*** The records
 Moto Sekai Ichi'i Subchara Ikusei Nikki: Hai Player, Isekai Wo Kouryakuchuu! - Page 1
******
*** The records
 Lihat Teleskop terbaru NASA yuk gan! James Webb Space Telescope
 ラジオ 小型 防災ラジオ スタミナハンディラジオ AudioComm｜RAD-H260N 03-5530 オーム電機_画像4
******
*** The records
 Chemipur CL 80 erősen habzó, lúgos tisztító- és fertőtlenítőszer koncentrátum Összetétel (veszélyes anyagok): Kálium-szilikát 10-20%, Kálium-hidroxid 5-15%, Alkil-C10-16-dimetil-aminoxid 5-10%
******
Write out exactly the lines that fall from the line with "Lihat Teleskop terbaru" to the line with "ラジオ 小型 防災ラジオ" in the records above, keeping both ends.

Solution to the exercise:
 Lihat Teleskop terbaru NASA yuk gan! James Webb Space Telescope
 ラジオ 小型 防災ラジオ スタミナハンディラジオ AudioComm｜RAD-H260N 03-5530 オーム電機_画像4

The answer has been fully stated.